- Your assignment -
Would you return the listing that follows exactly, leaving its pictures behind?

─── Dataset section ───

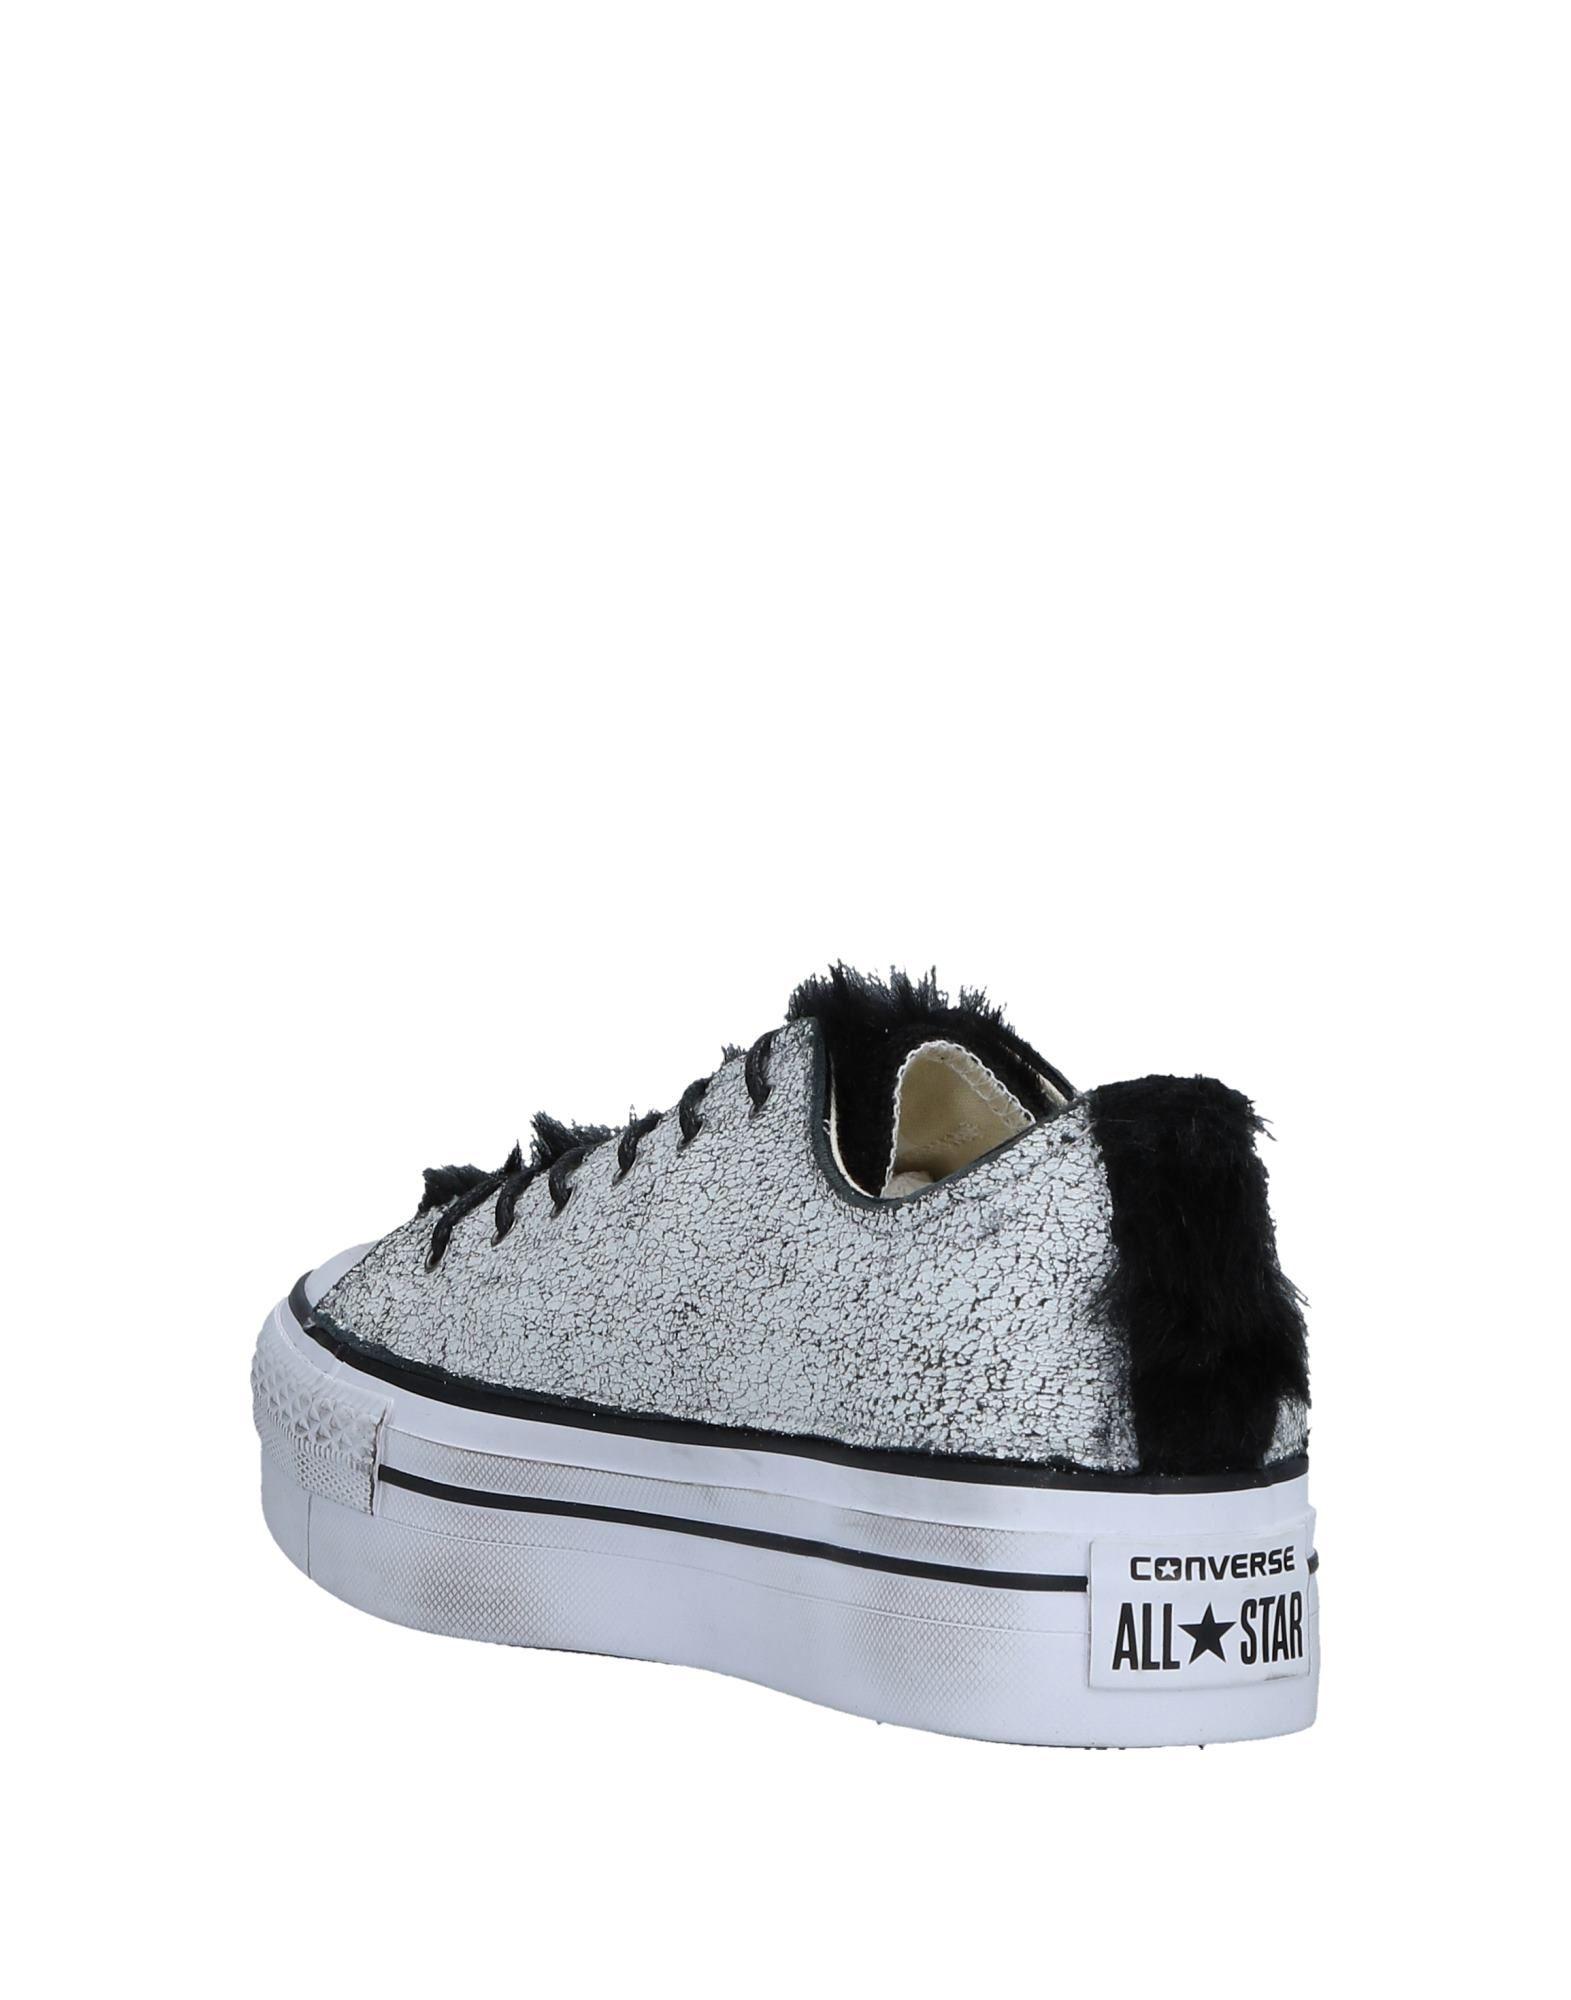 Converse Gute Sneakers Damen  11535181HJ Gute Converse Qualität beliebte Schuhe 544789
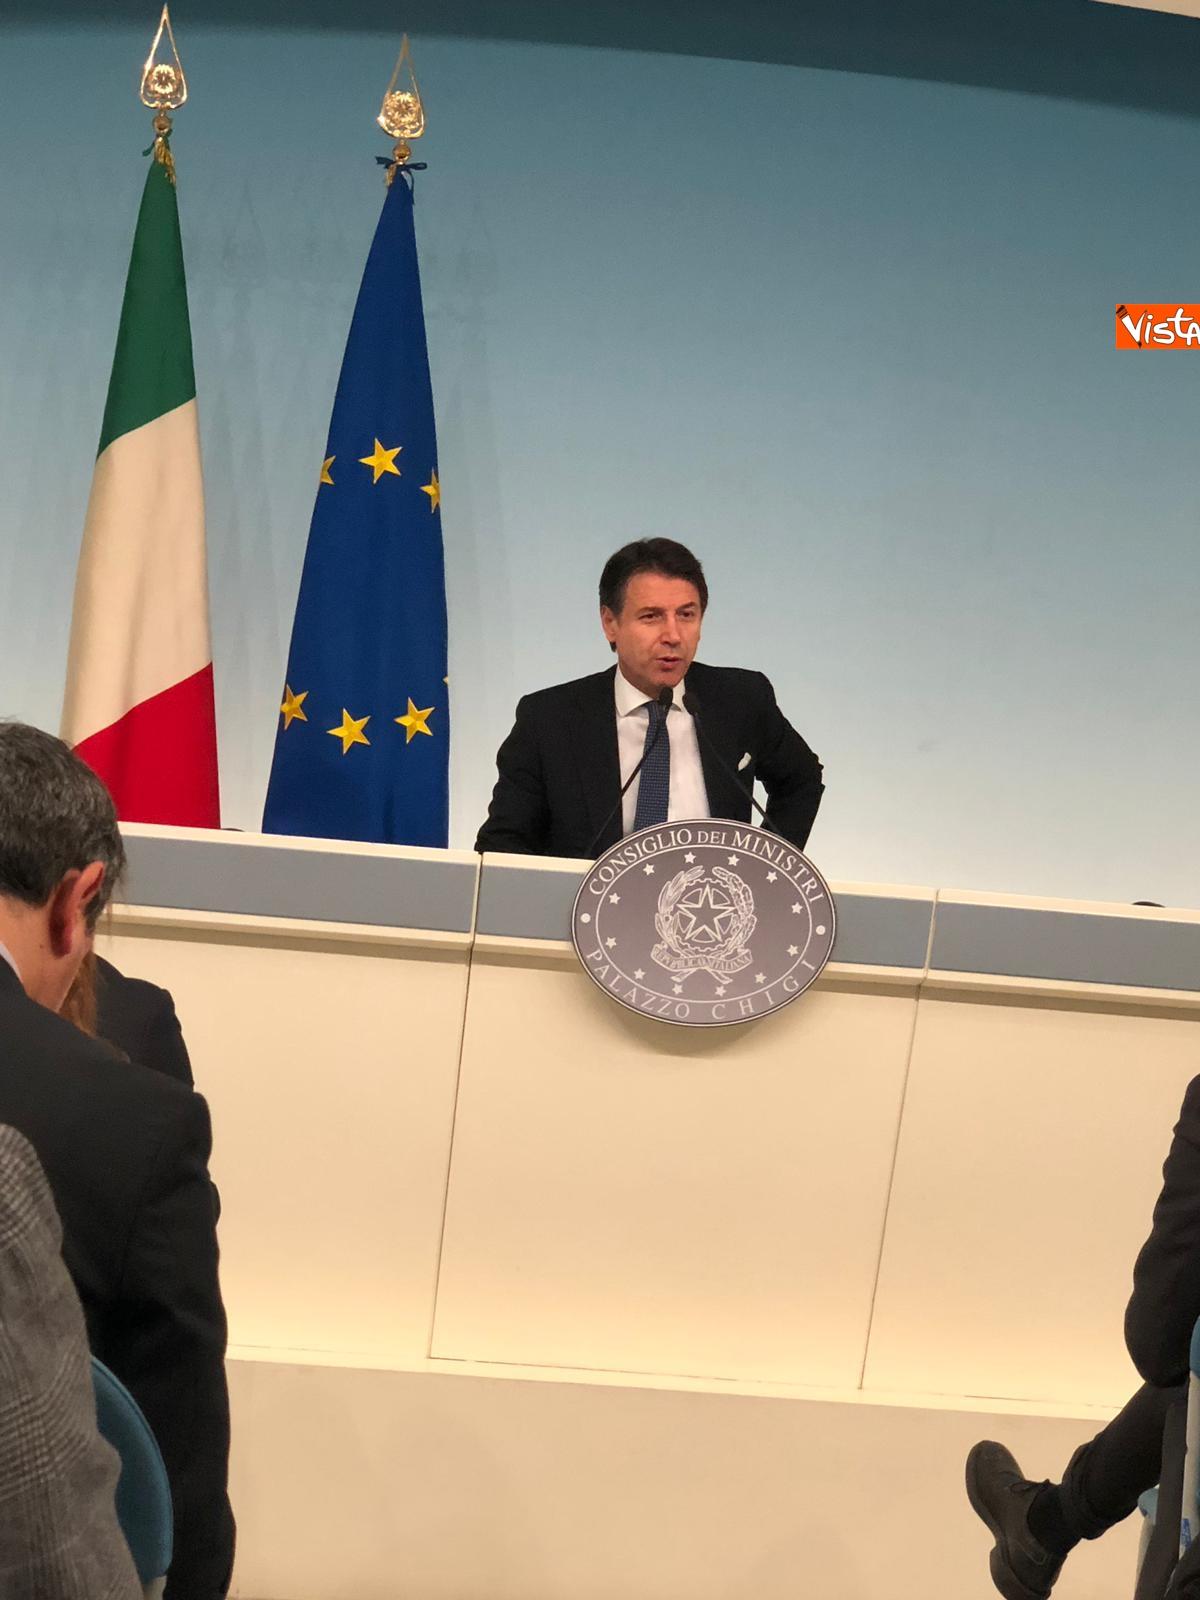 07-03-19 Tav Conte in conferenza stampa a Palazzo Chigi immagini_11
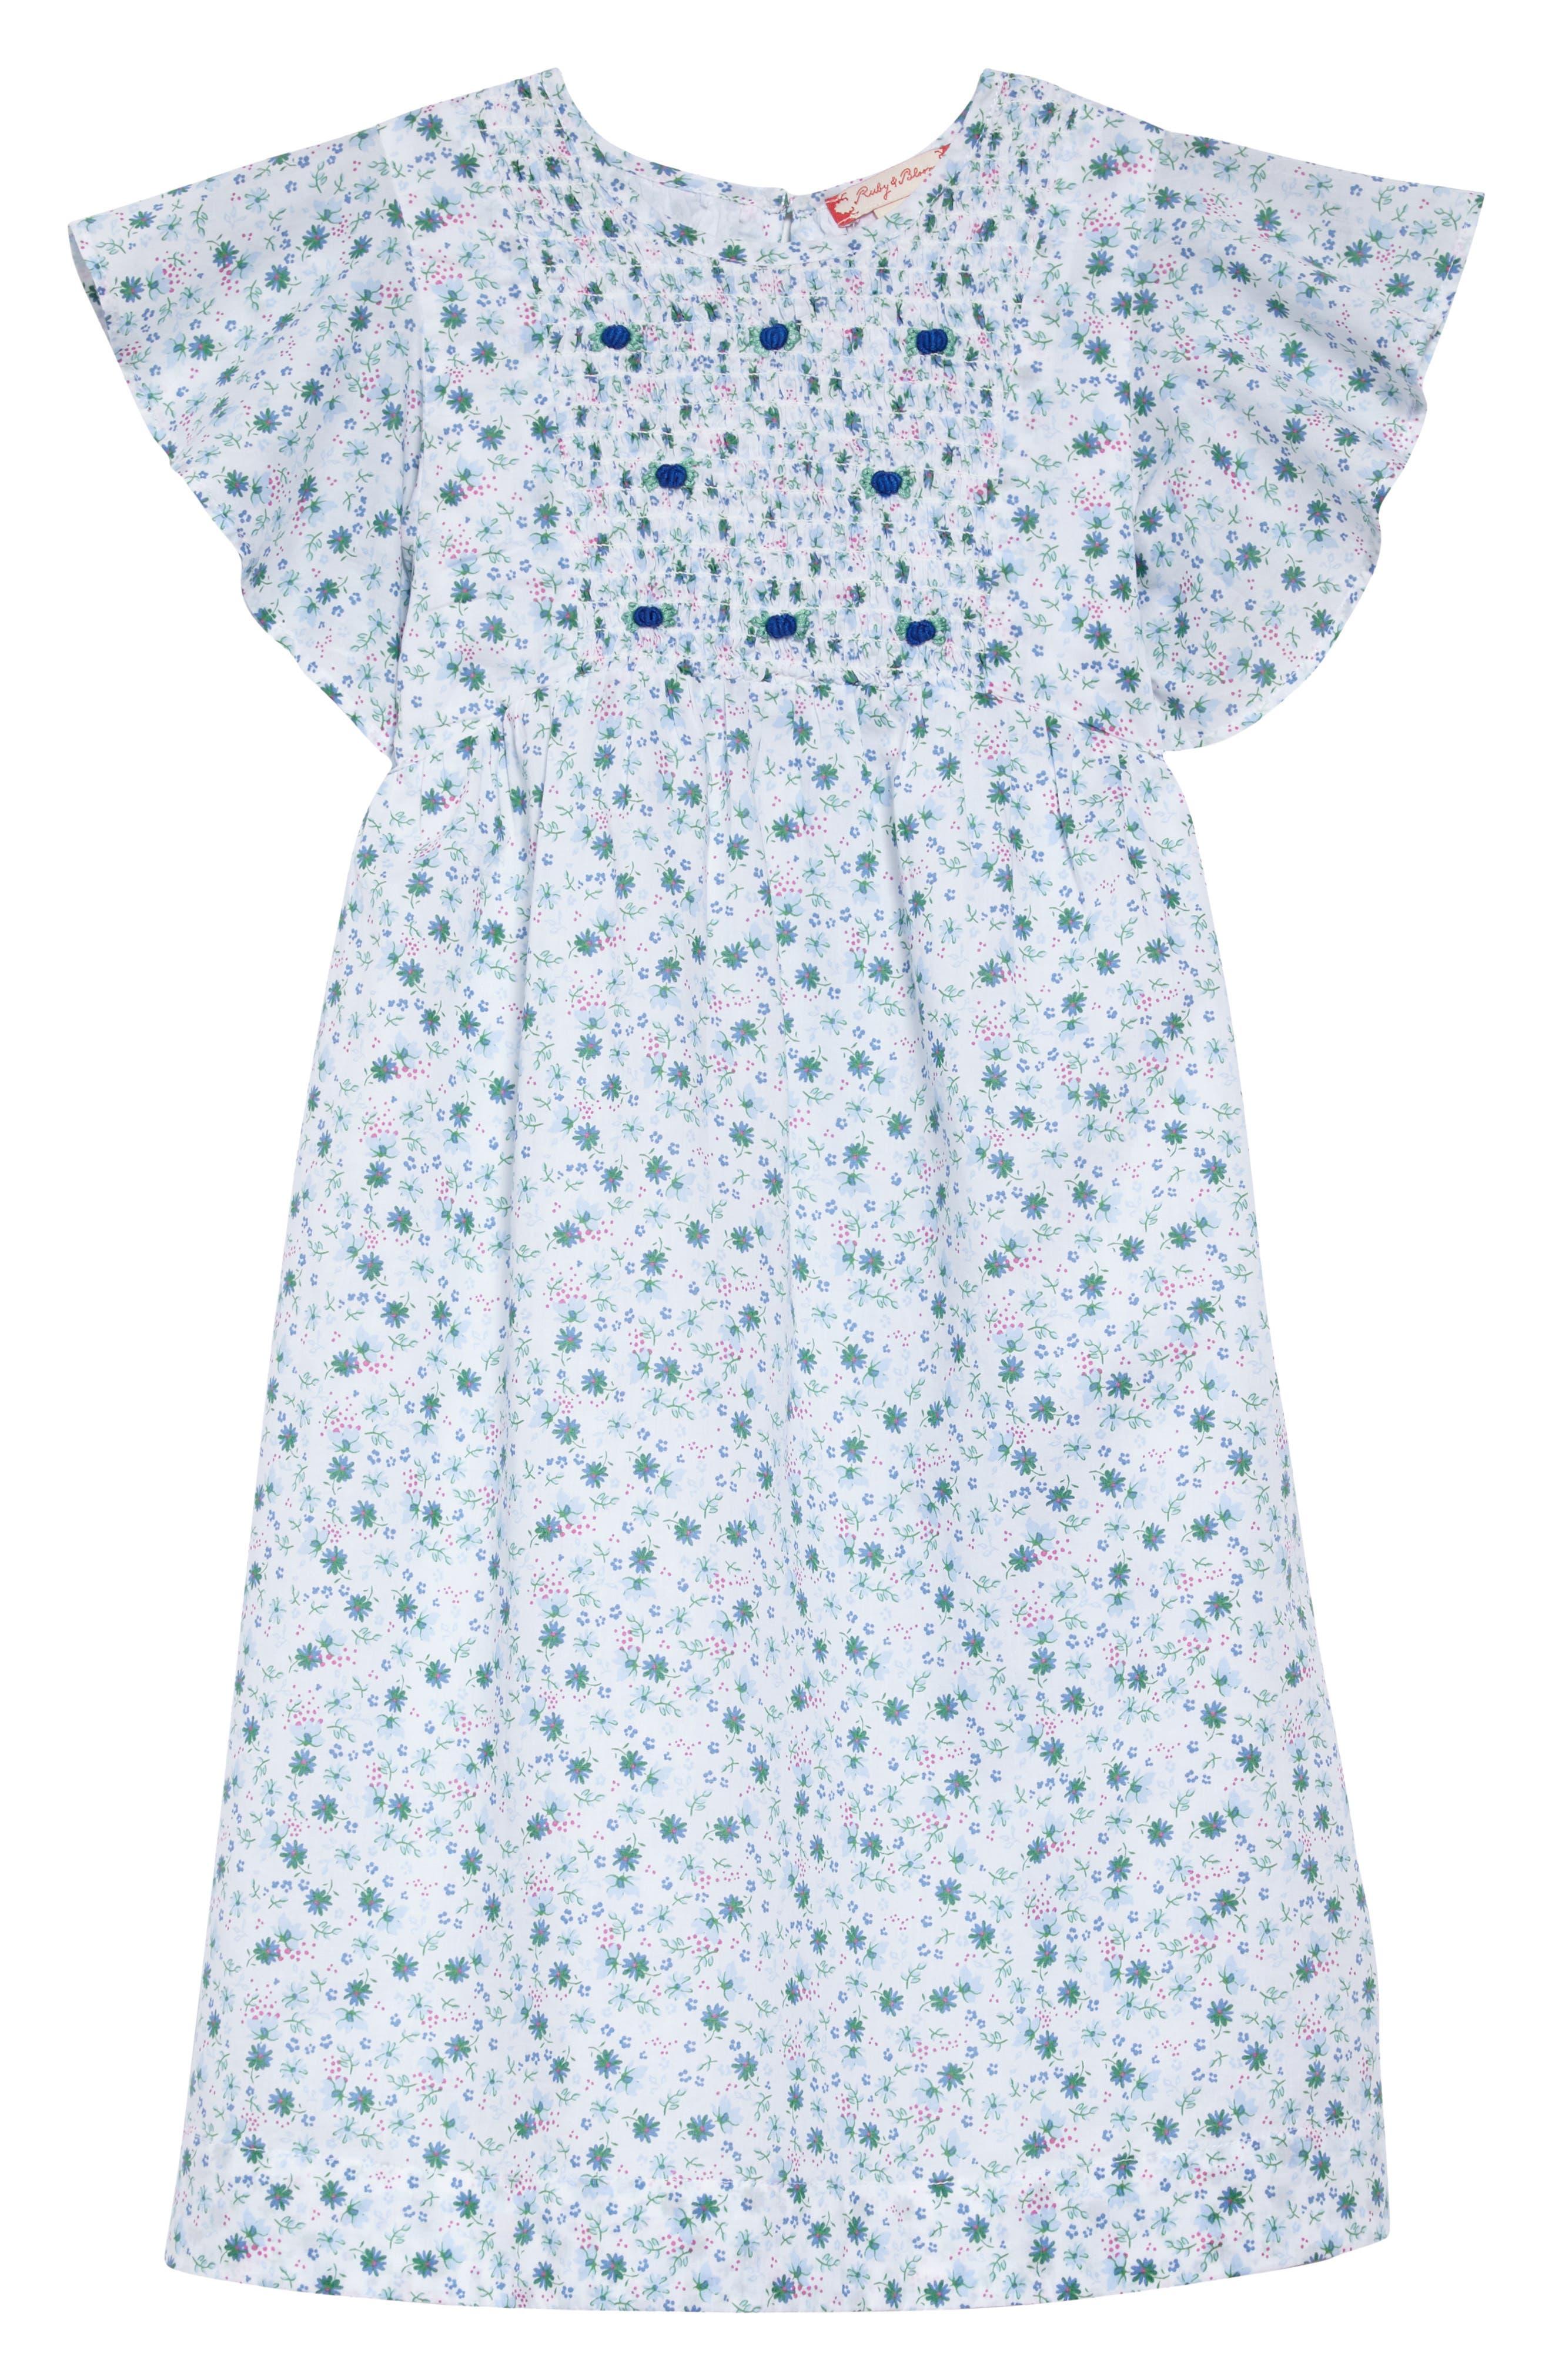 Floral Flutter Sleeve Dress,                         Main,                         color, White Devon Floral

───

- Exercise solution -
 Converse Gute Sneakers Damen  11535181HJ Gute Converse Qualität beliebte Schuhe 544789
 07-03-19 Tav Conte in conferenza stampa a Palazzo Chigi immagini_11
 Floral Flutter Sleeve Dress,                         Main,                         color, White Devon Floral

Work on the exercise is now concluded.